BEGIN

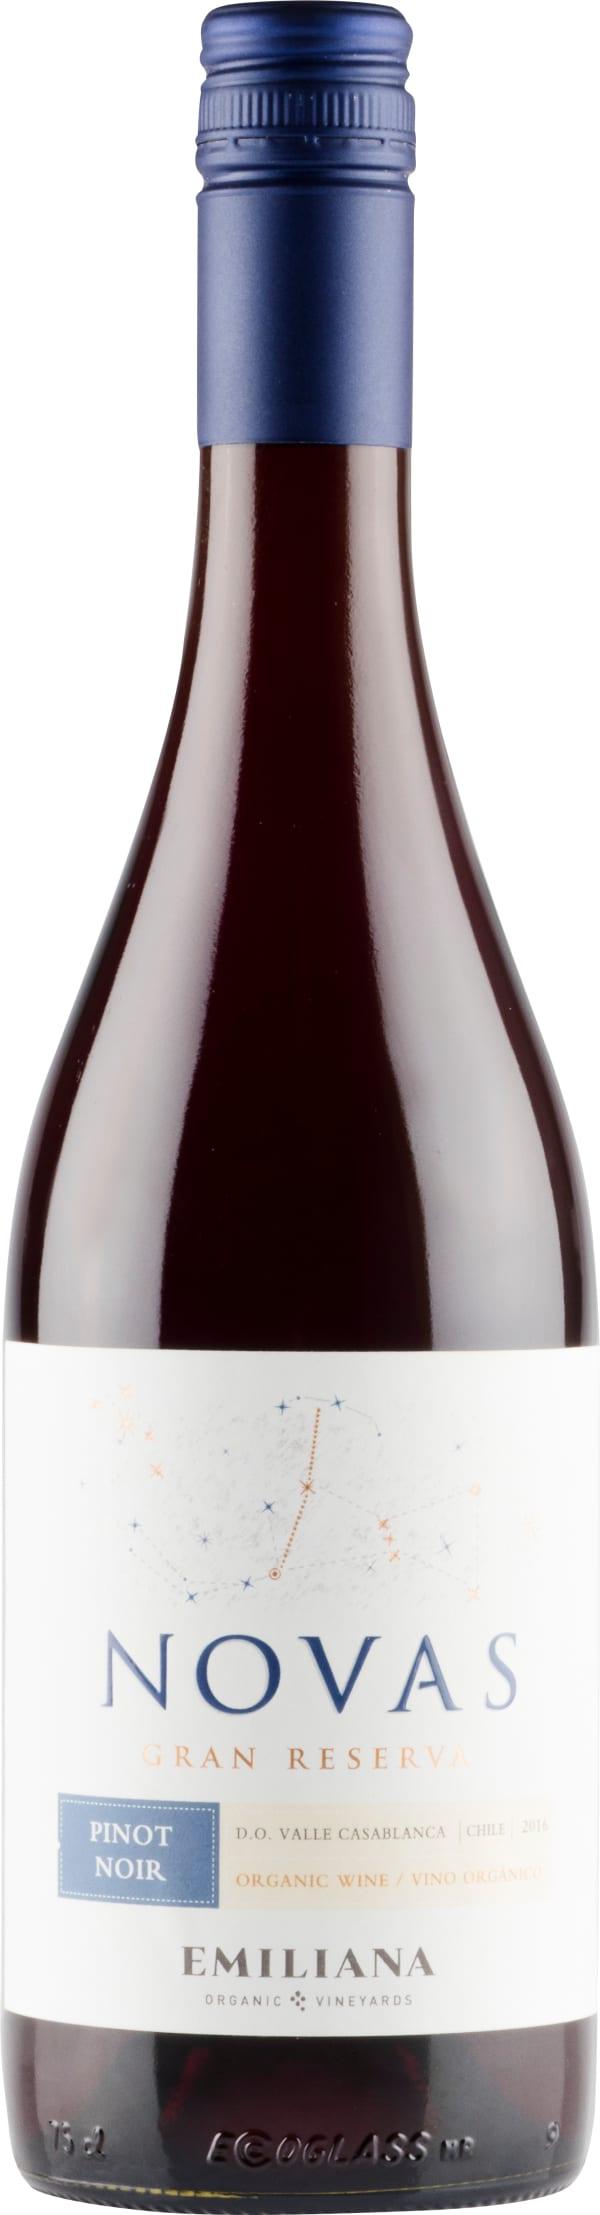 Novas Gran Reserva Pinot Noir 2019
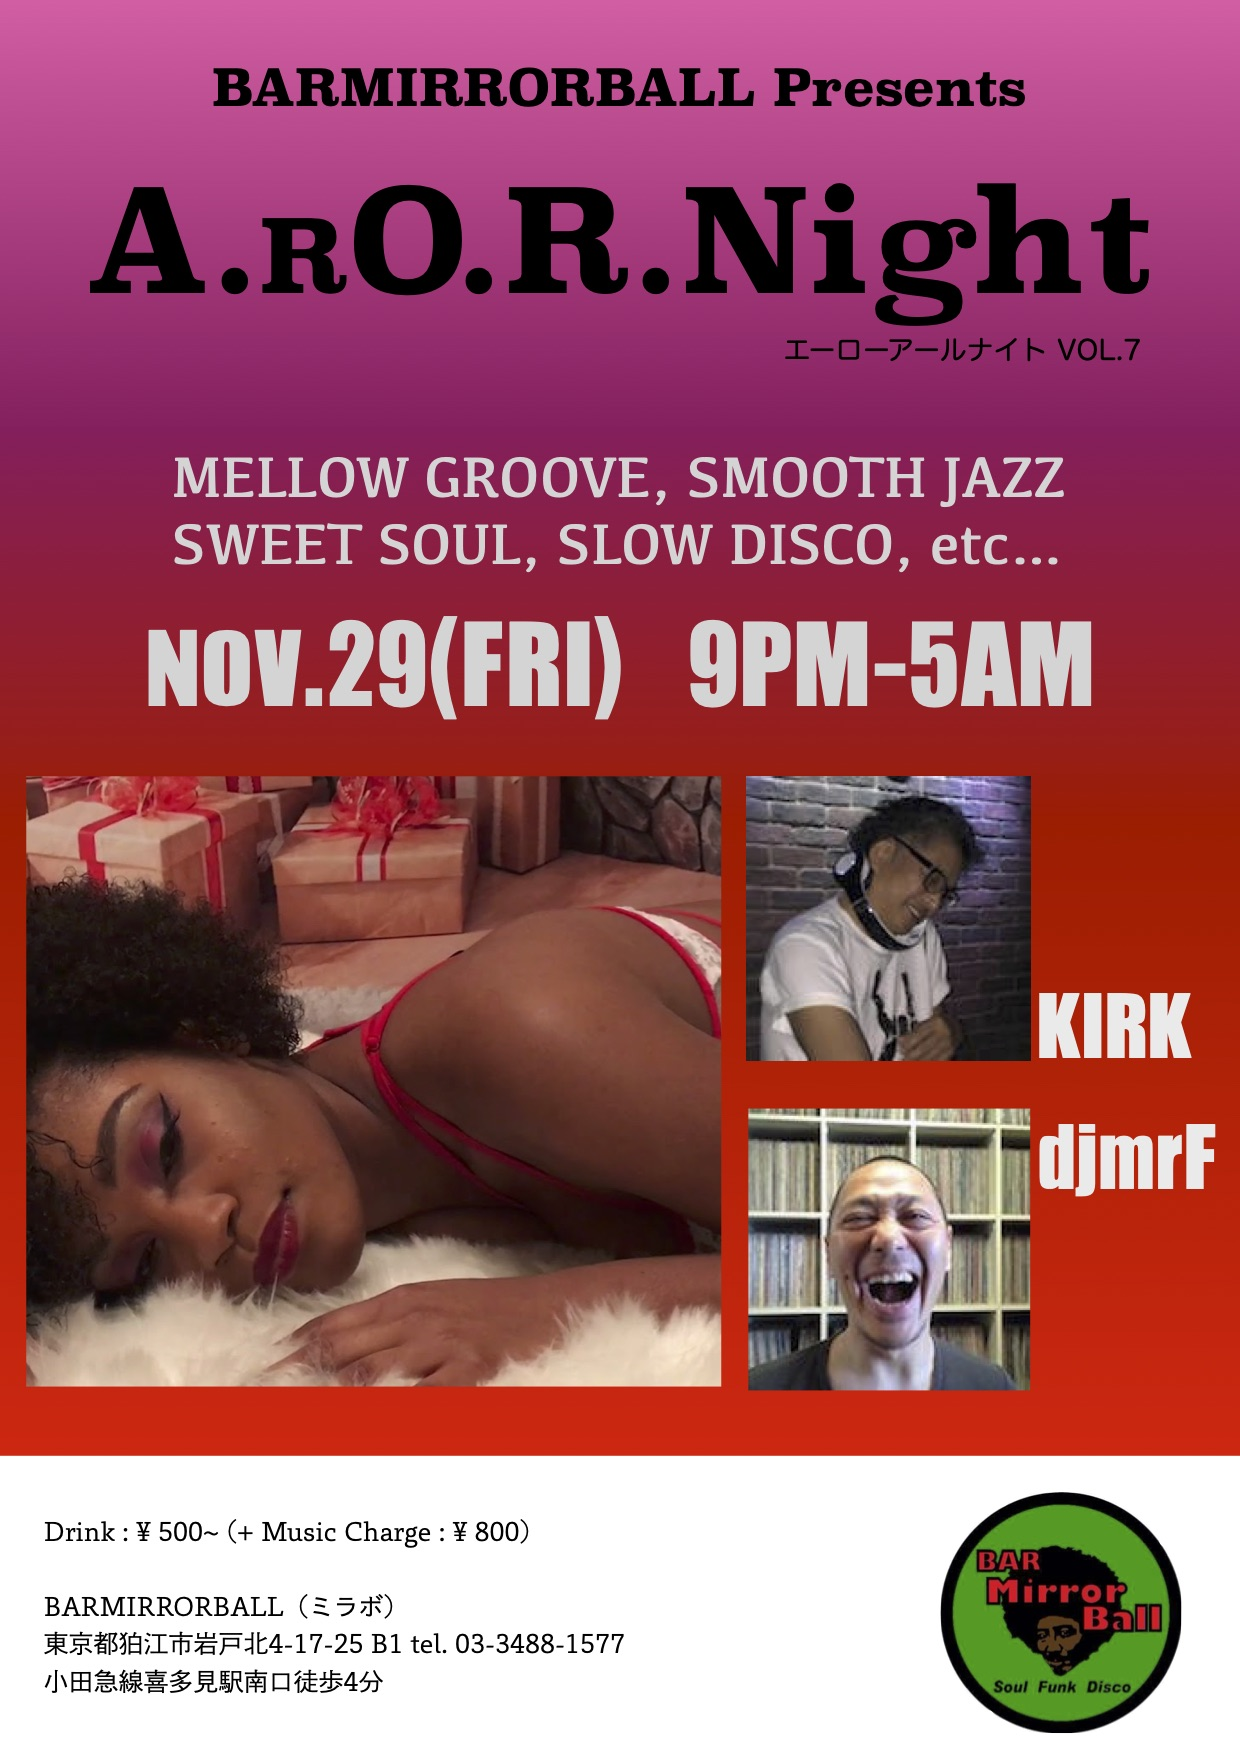 A.Ro.R.Night VOL.7 [2019/11/29]
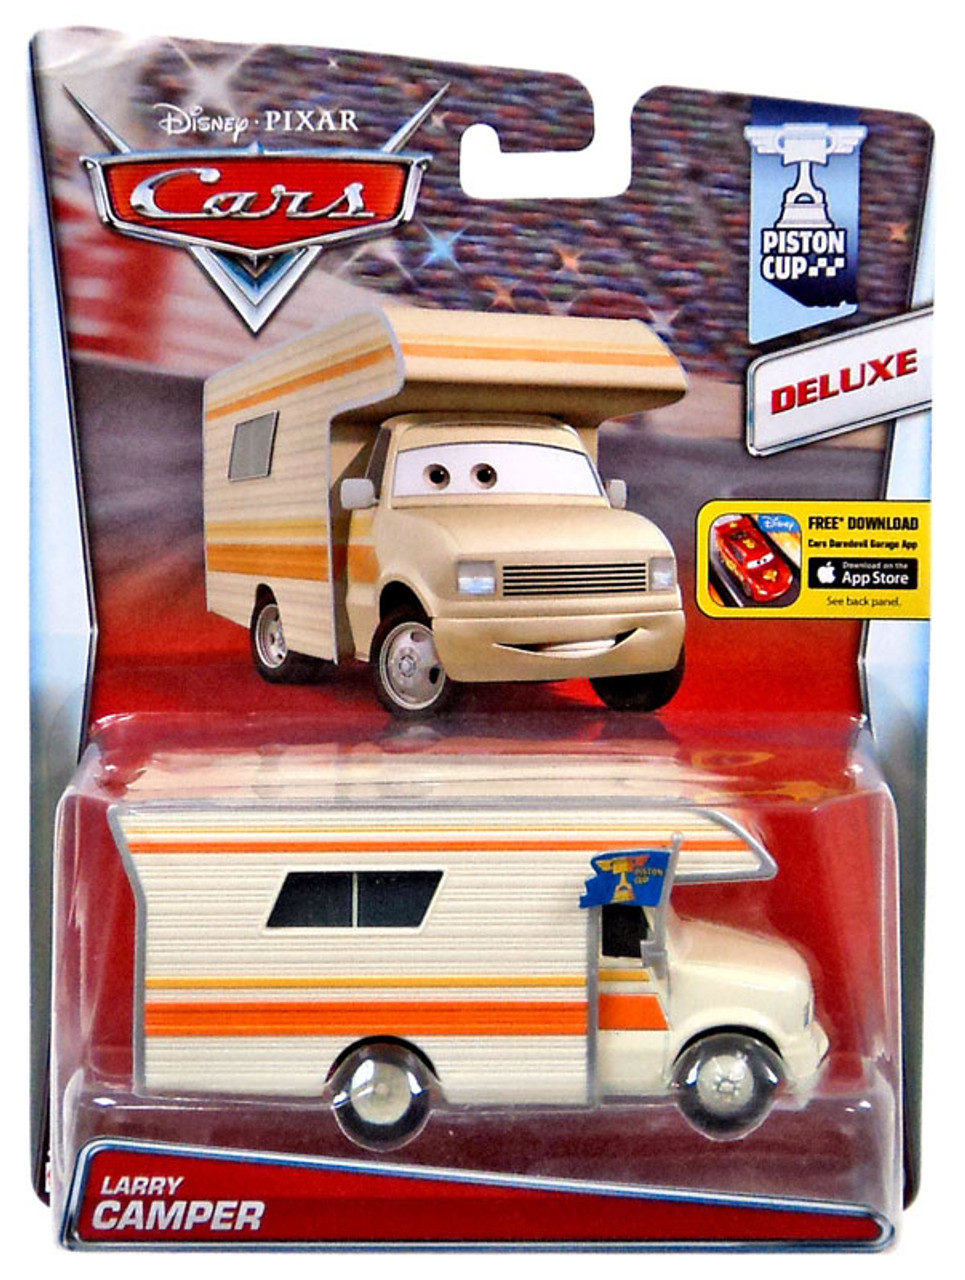 Disney / Pixar Cars Piston Cup Larry Camper Diecast Car #18/18

END

• _ACTIVITY_:
The data is to be printed again exactly, but without its pictures.

• _ANSWER BOX_:
 Novas Gran Reserva Pinot Noir 2019
 A.Ro.R.Night VOL.7 [2019/11/29]
 Disney / Pixar Cars Piston Cup Larry Camper Diecast Car #18/18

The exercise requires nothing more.